• ASSIGNMENT: All of the lines below are to be transcribed faithfully, with pictures excluded from the copy.

• STORED DATA:
^^^^^^^^
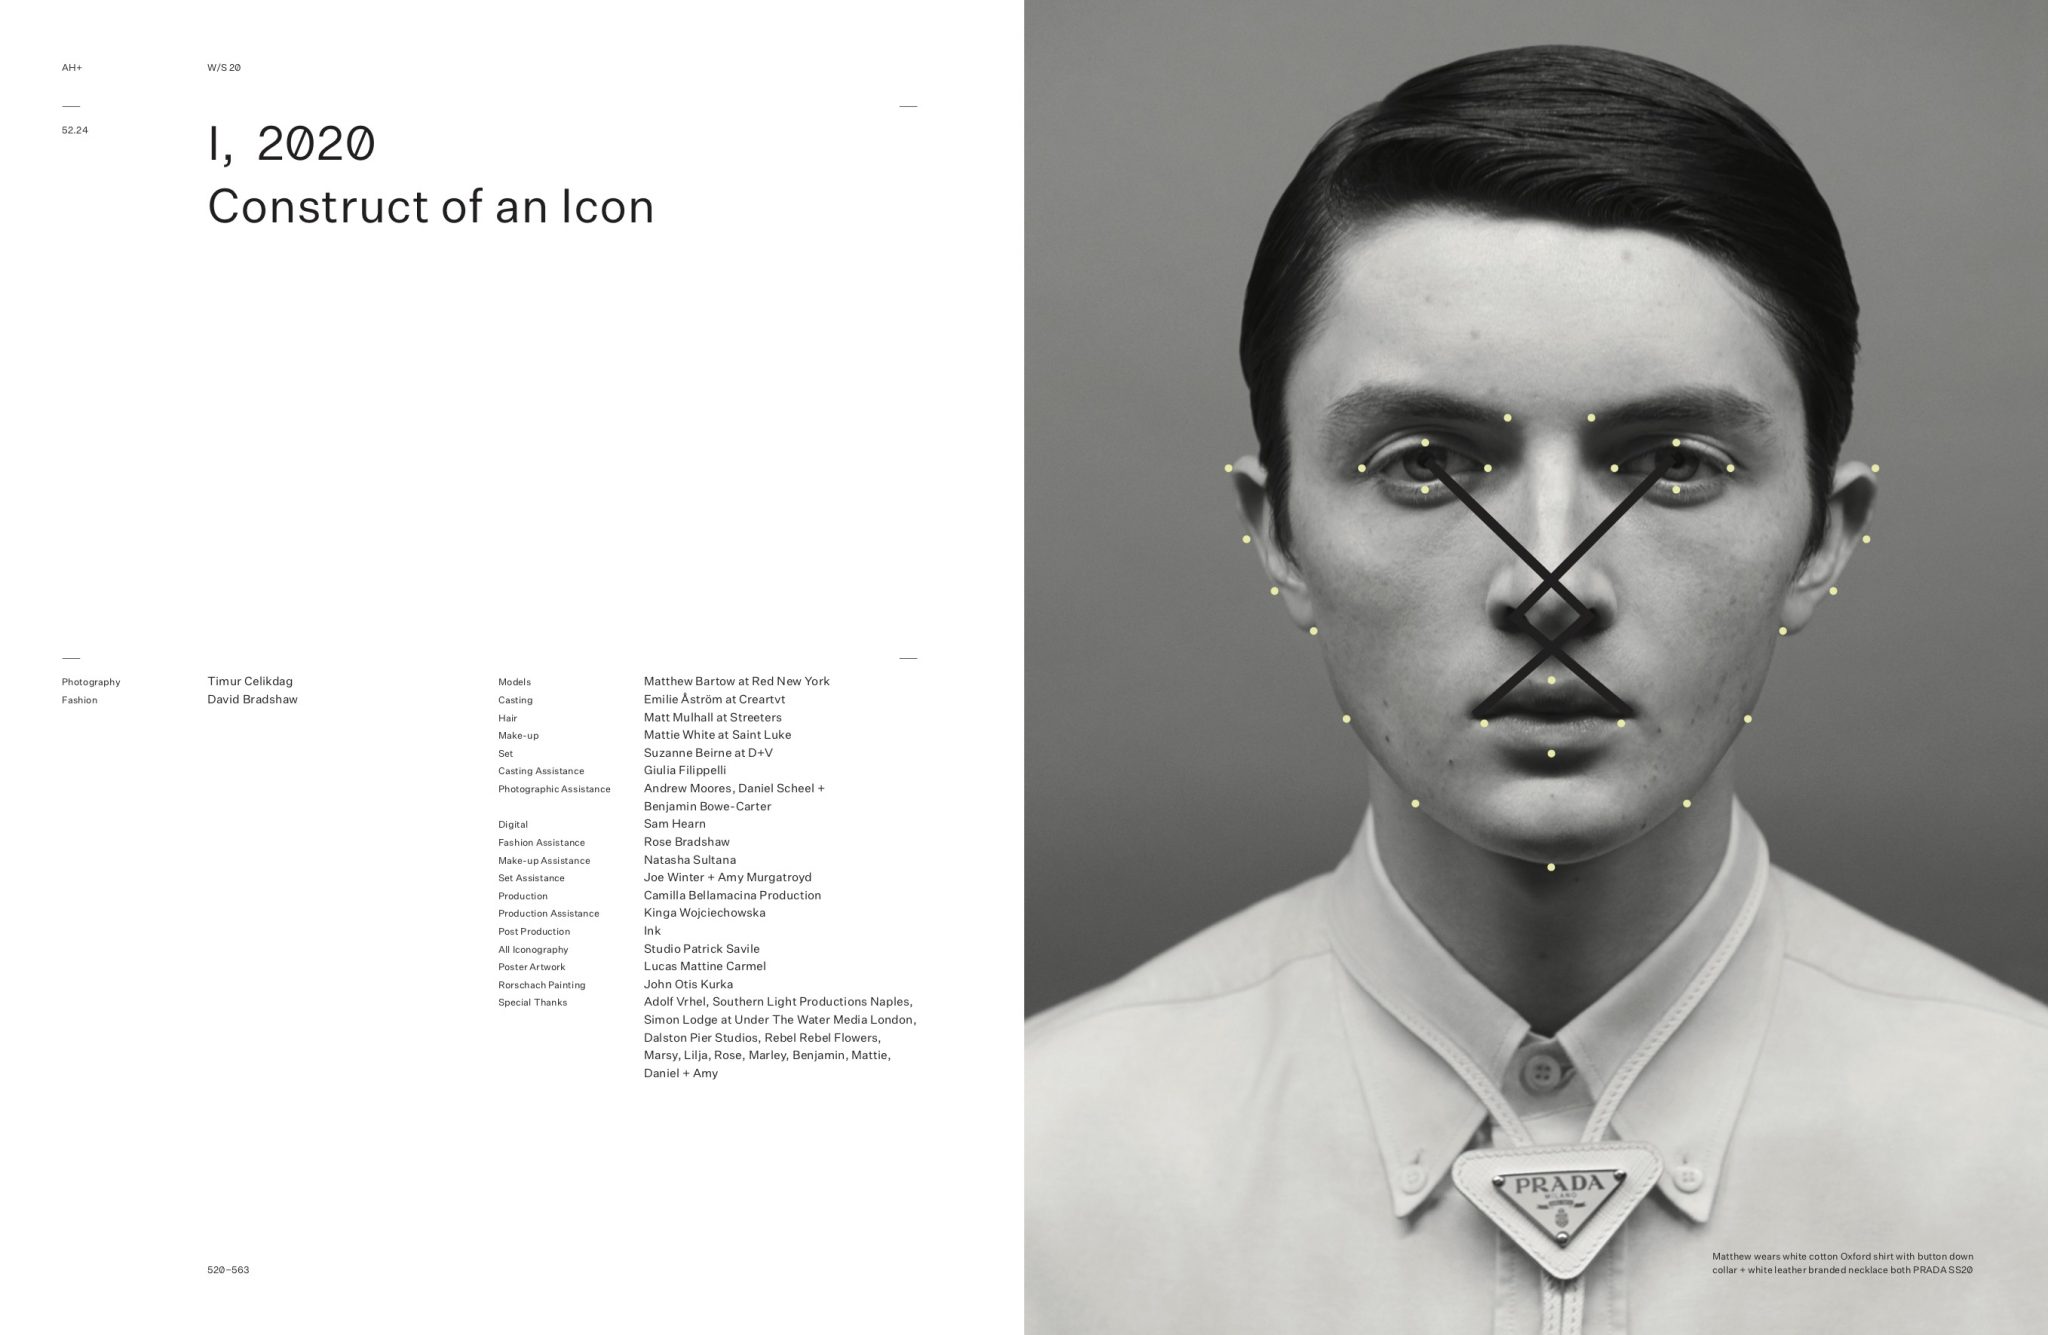 David Bradshaw | Arena Homme +: Construct of an Icon | 1
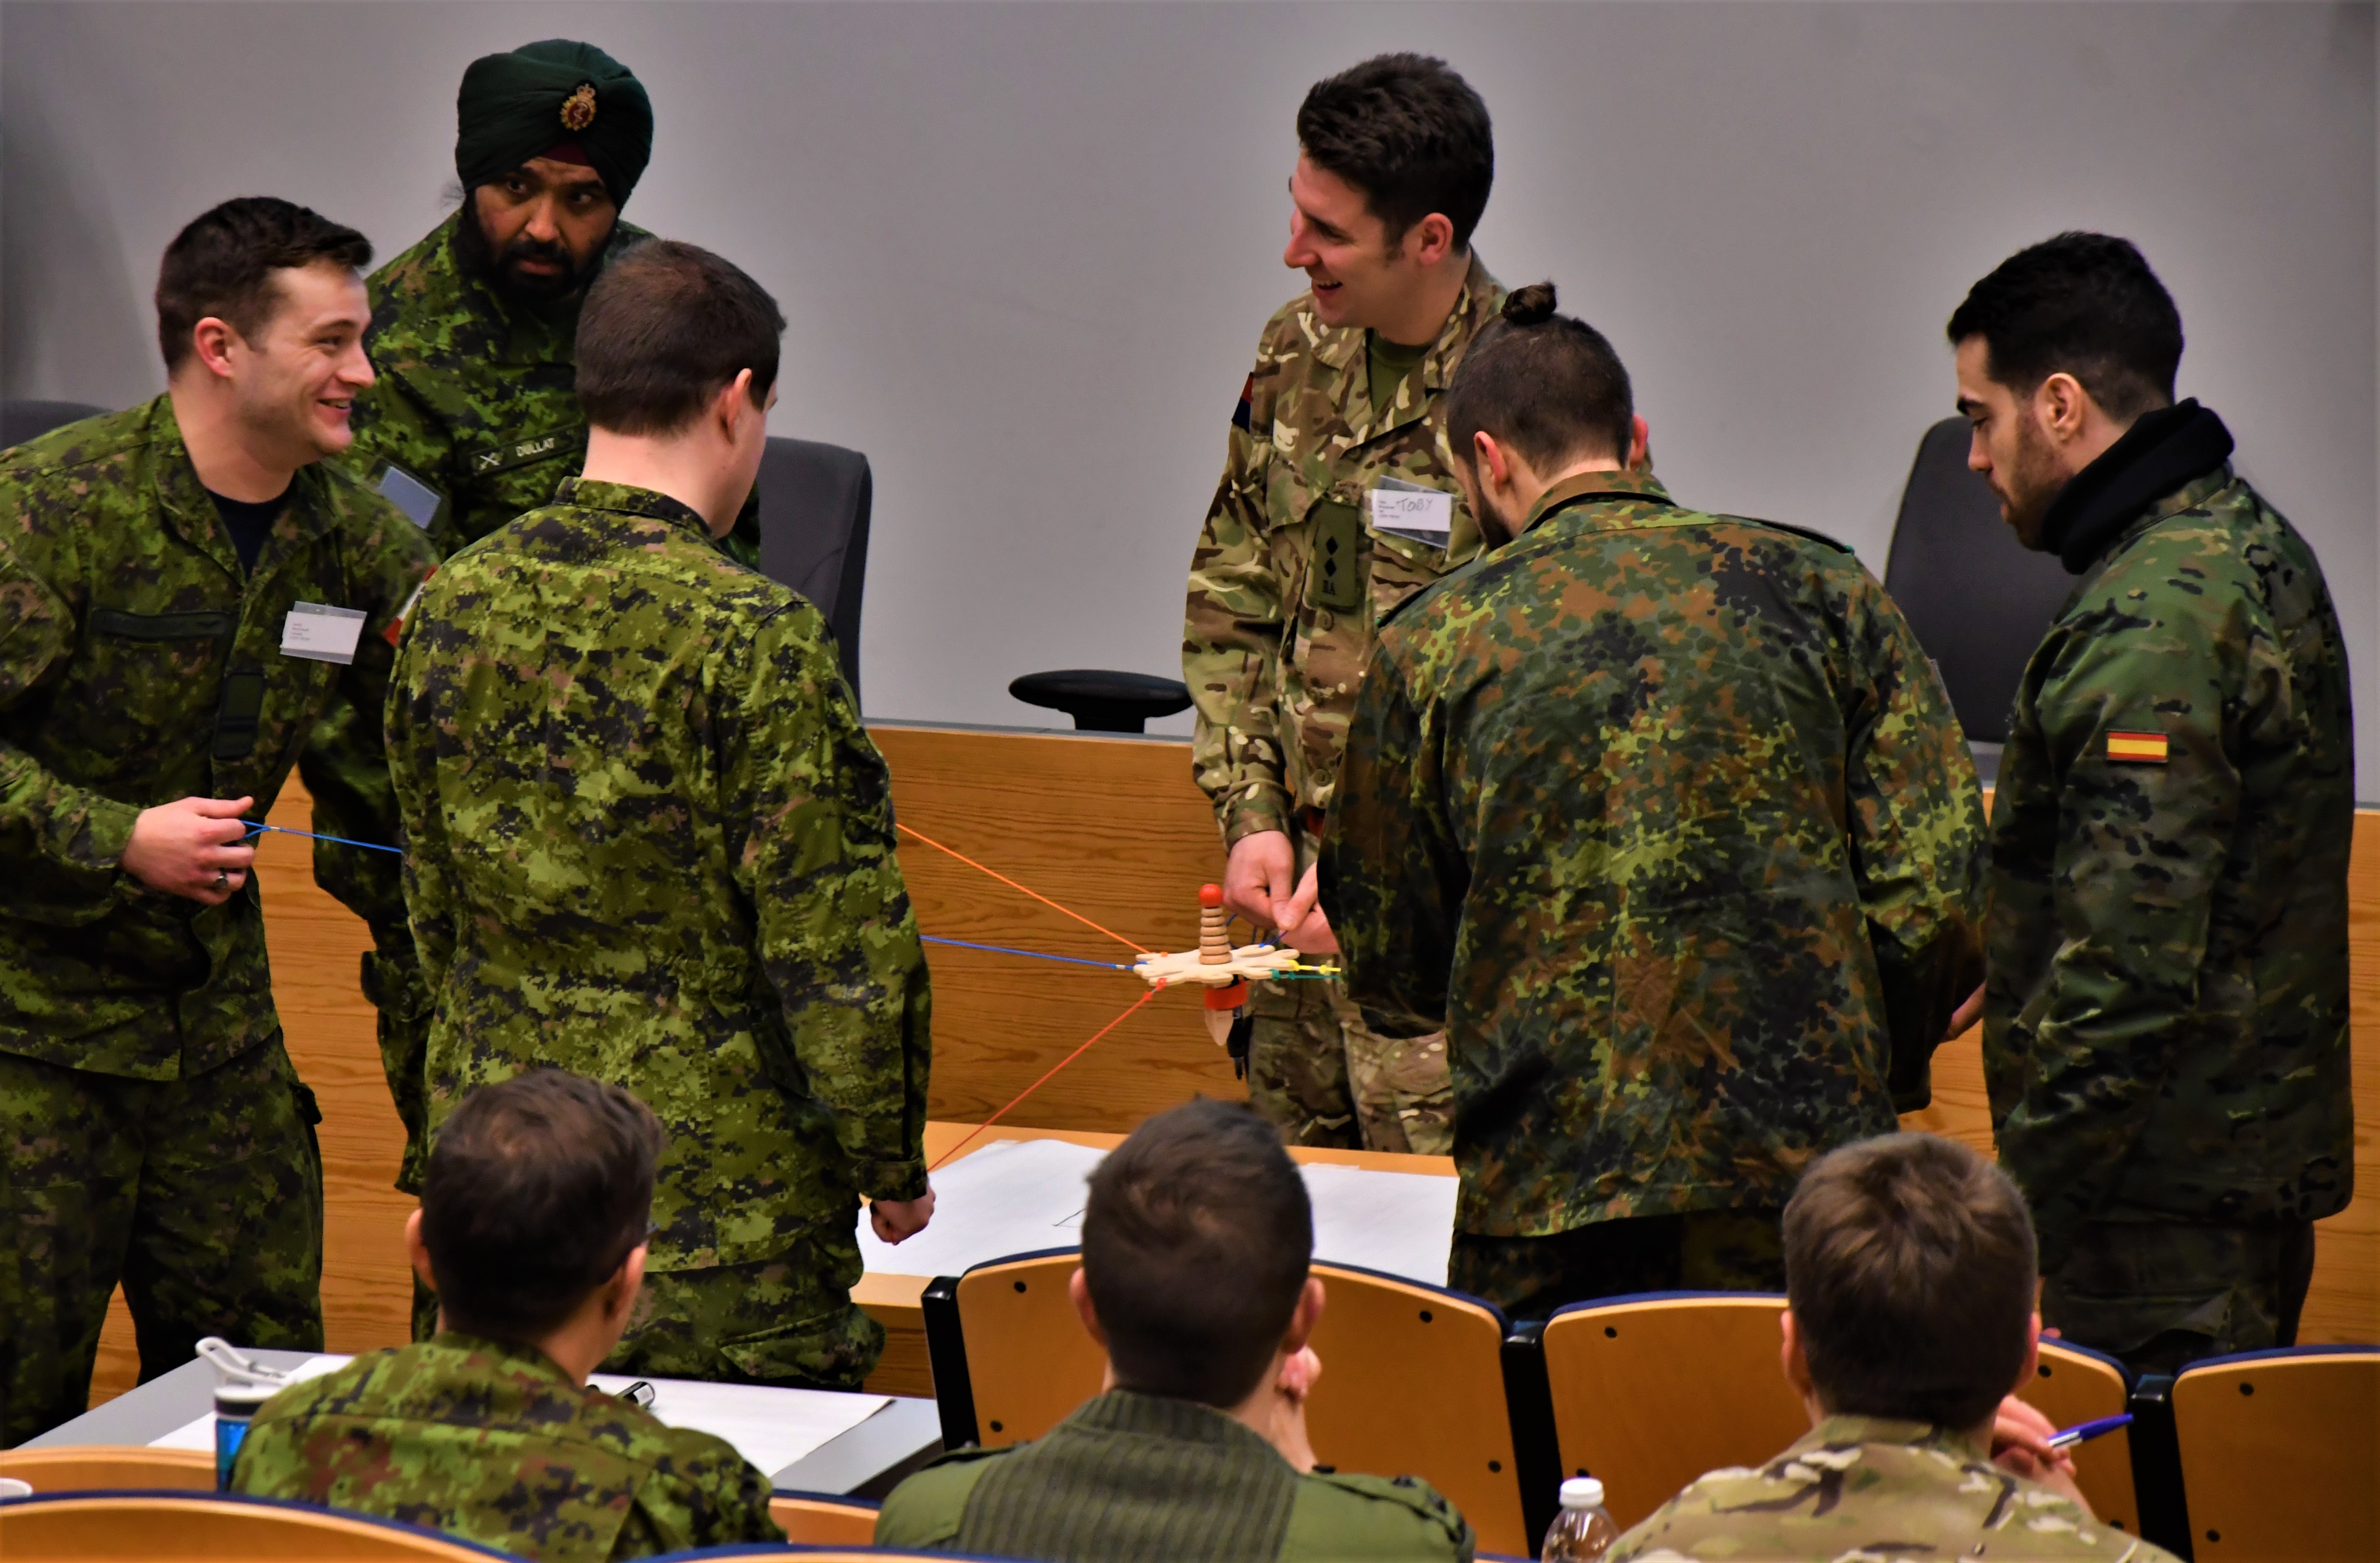 The workshop participants perform a group drawing activity together. Left to right: Lt Jared Mackintosh (Canada), Capt Charan Kamal Singh Dullat (Canada), Capt Scott McDowell (Canada), Lt Toby Broughab (United Kingdom), Lt Patrick Binding (Germany) and 2Lt Mario Bernus (Spain).
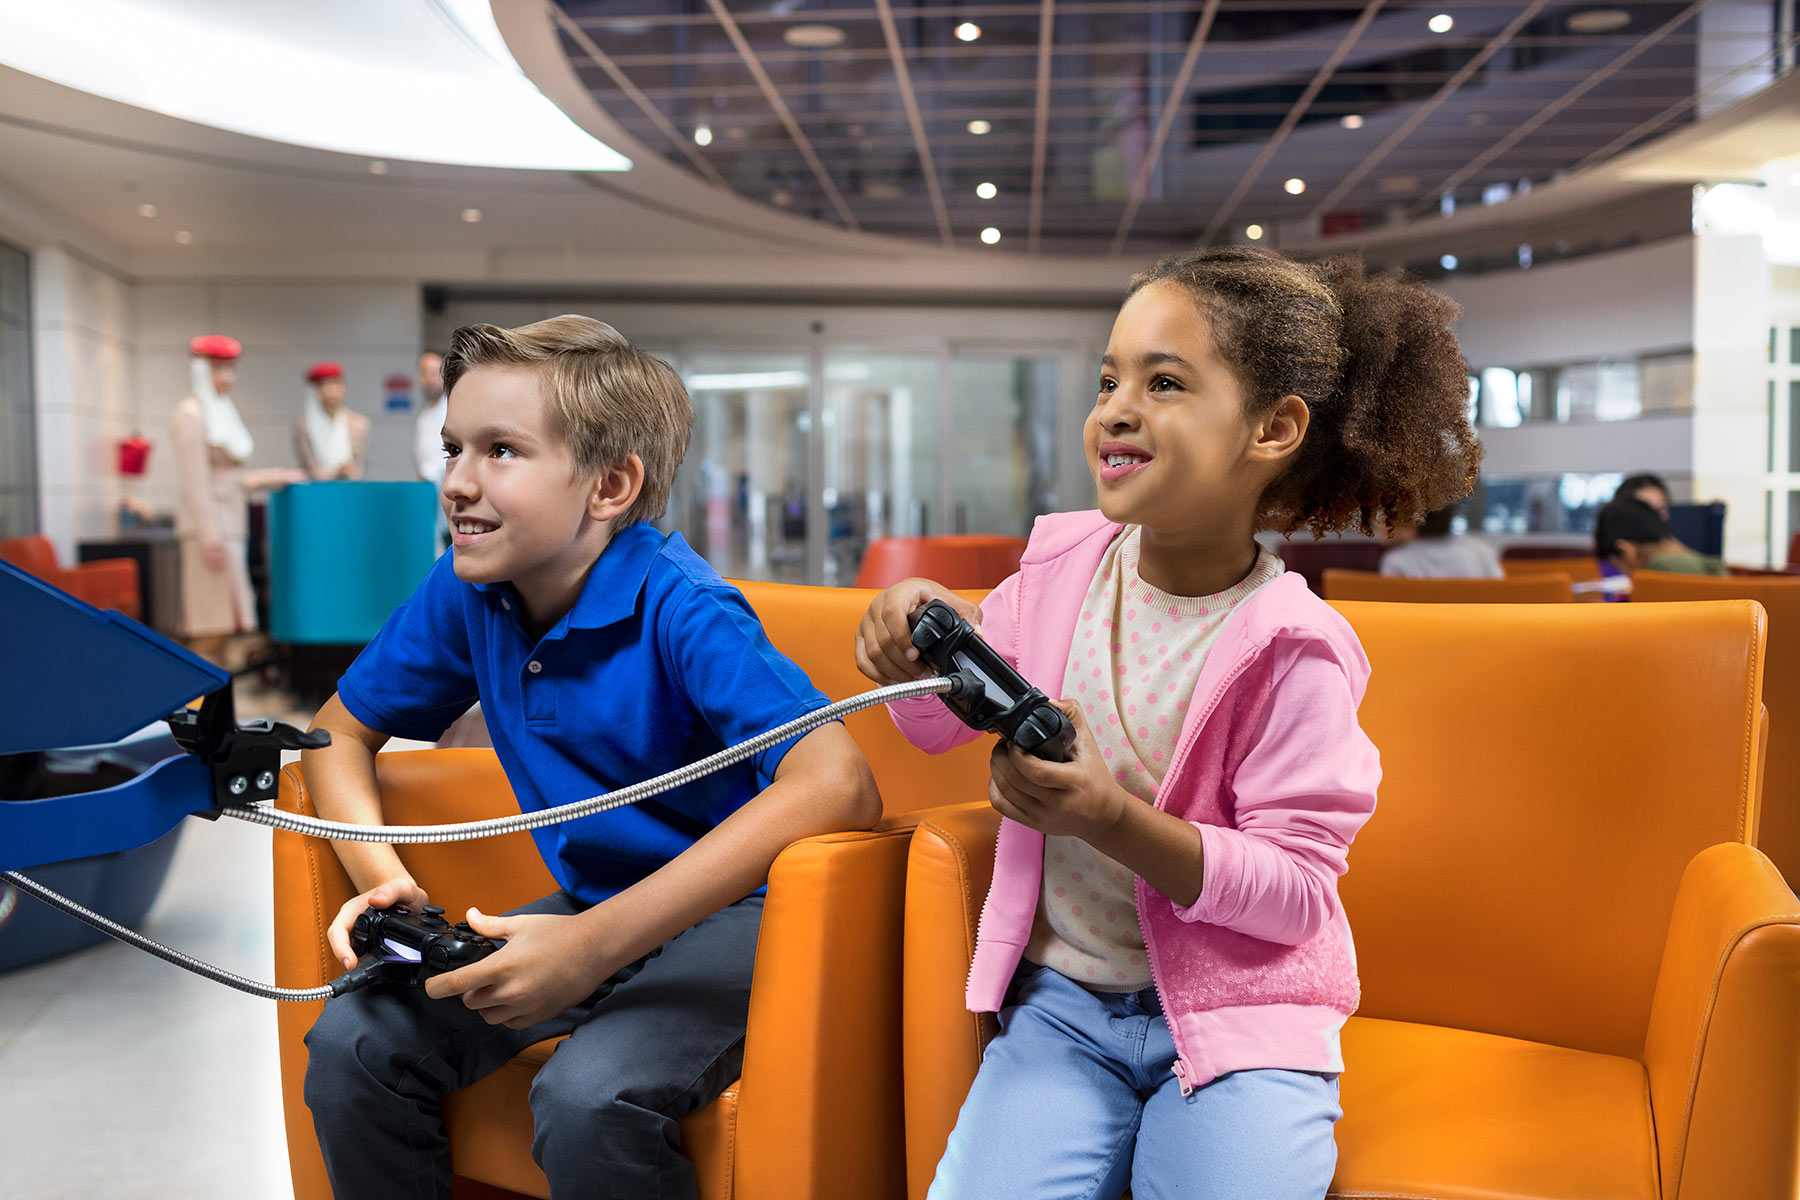 Richard Boll shows two young children on orange chairs with game controllers at Dubai Airport
^^^^^^^^
• FINAL ANSWER:
 David Bradshaw | Arena Homme +: Construct of an Icon | 1
 The workshop participants perform a group drawing activity together. Left to right: Lt Jared Mackintosh (Canada), Capt Charan Kamal Singh Dullat (Canada), Capt Scott McDowell (Canada), Lt Toby Broughab (United Kingdom), Lt Patrick Binding (Germany) and 2Lt Mario Bernus (Spain).
 Richard Boll shows two young children on orange chairs with game controllers at Dubai Airport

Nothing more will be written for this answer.